■ AIM OF THE TASK ■
Return the data that follows exactly as it appears. Pictures do not belong in the copy.

■ DATA EXCERPT ■
-=-=-=-=-

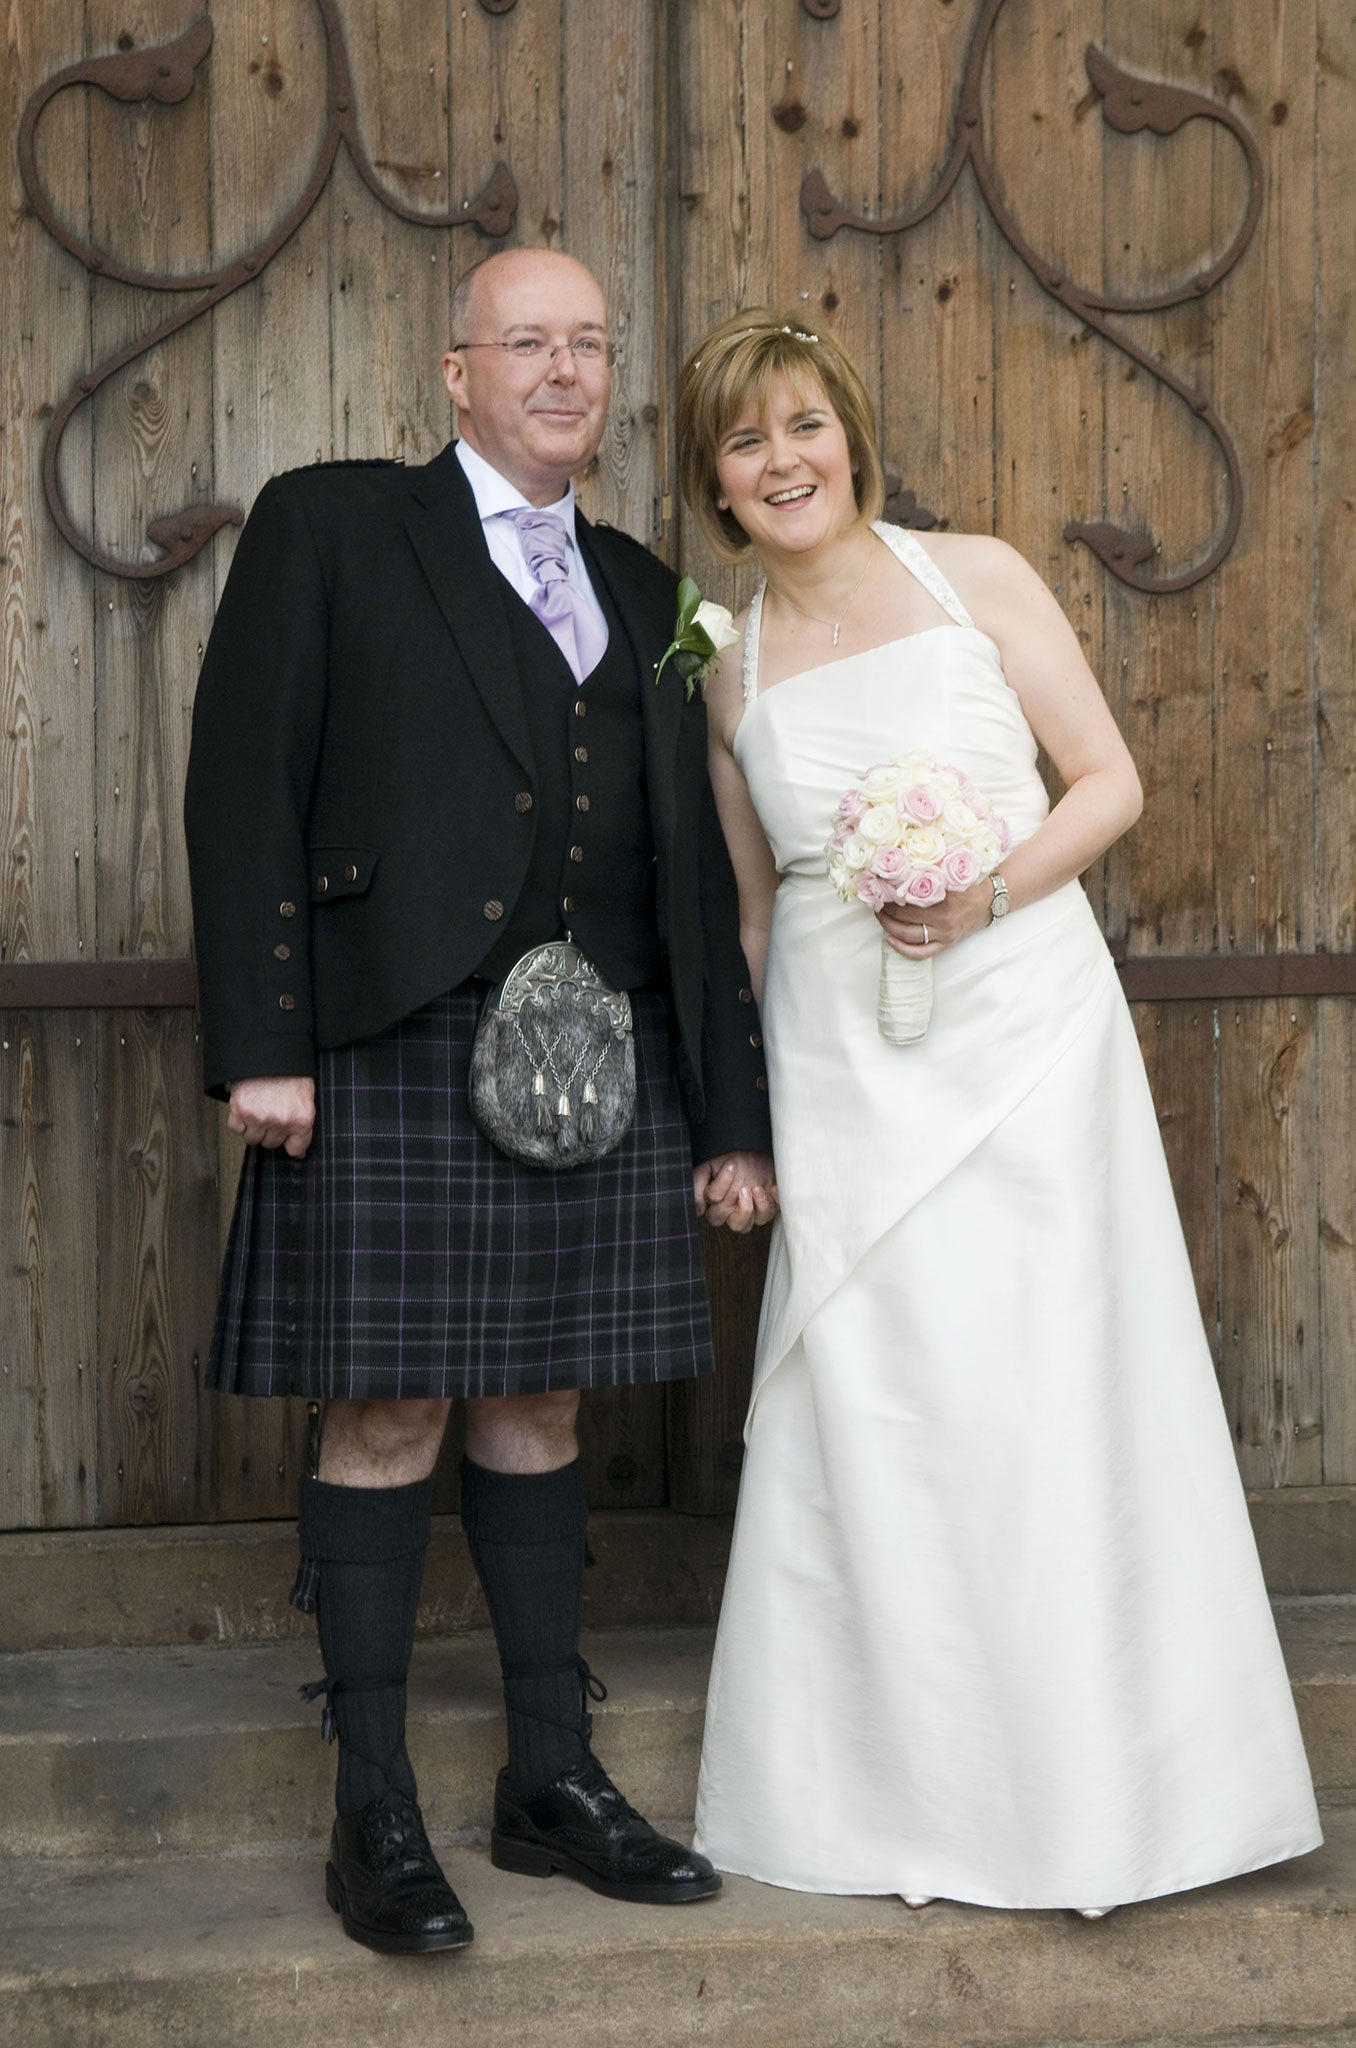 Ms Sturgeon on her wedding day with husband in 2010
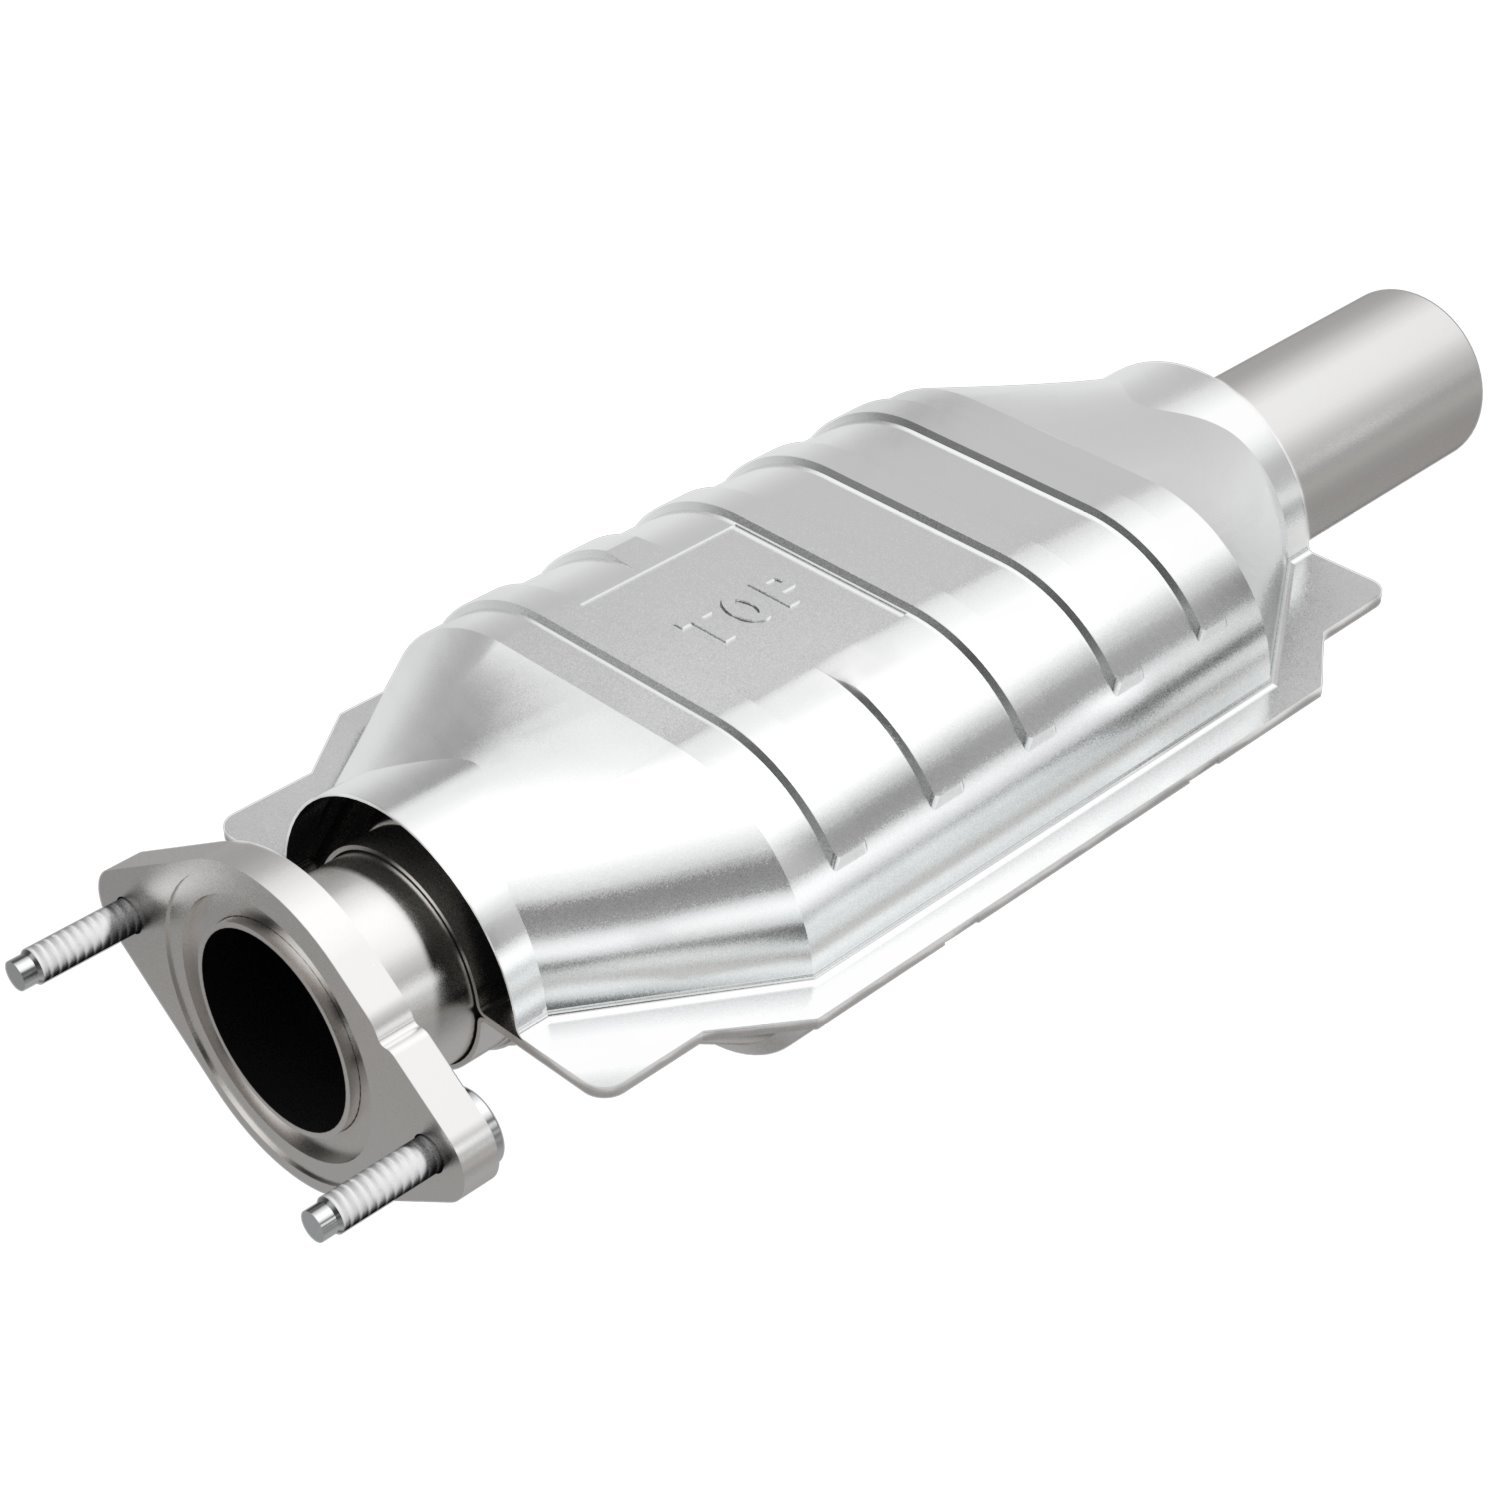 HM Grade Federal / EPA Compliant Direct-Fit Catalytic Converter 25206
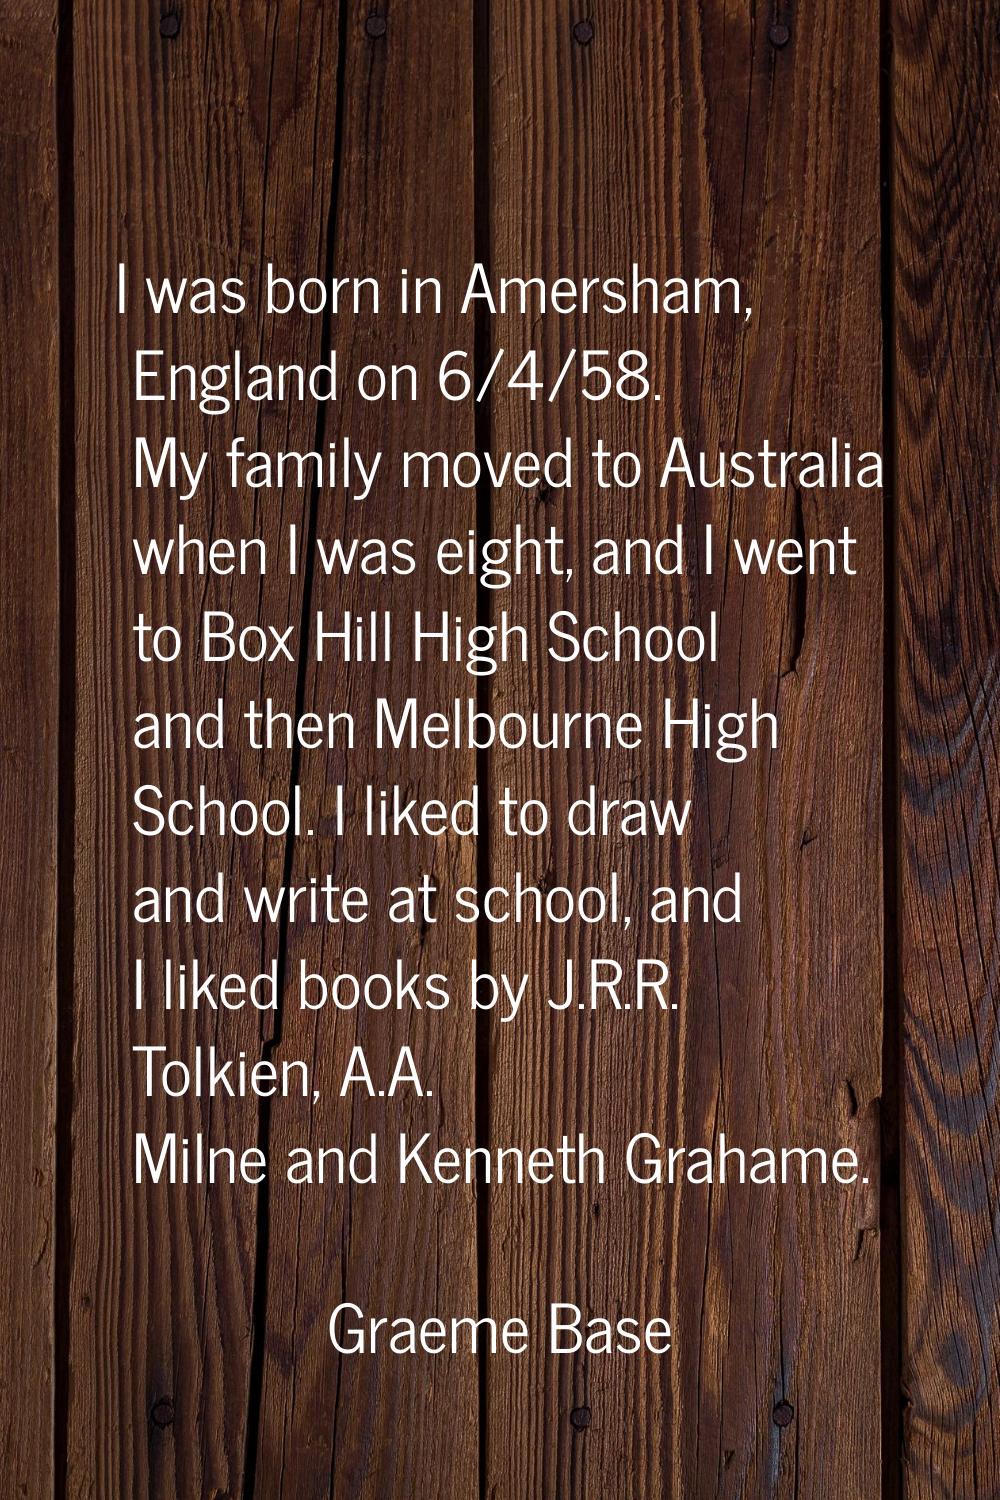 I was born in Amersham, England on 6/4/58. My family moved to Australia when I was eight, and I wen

-=-=-=-=-

■ ANSWER BOX ■
 Ms Sturgeon on her wedding day with husband in 2010
 HM Grade Federal / EPA Compliant Direct-Fit Catalytic Converter 25206
 I was born in Amersham, England on 6/4/58. My family moved to Australia when I was eight, and I wen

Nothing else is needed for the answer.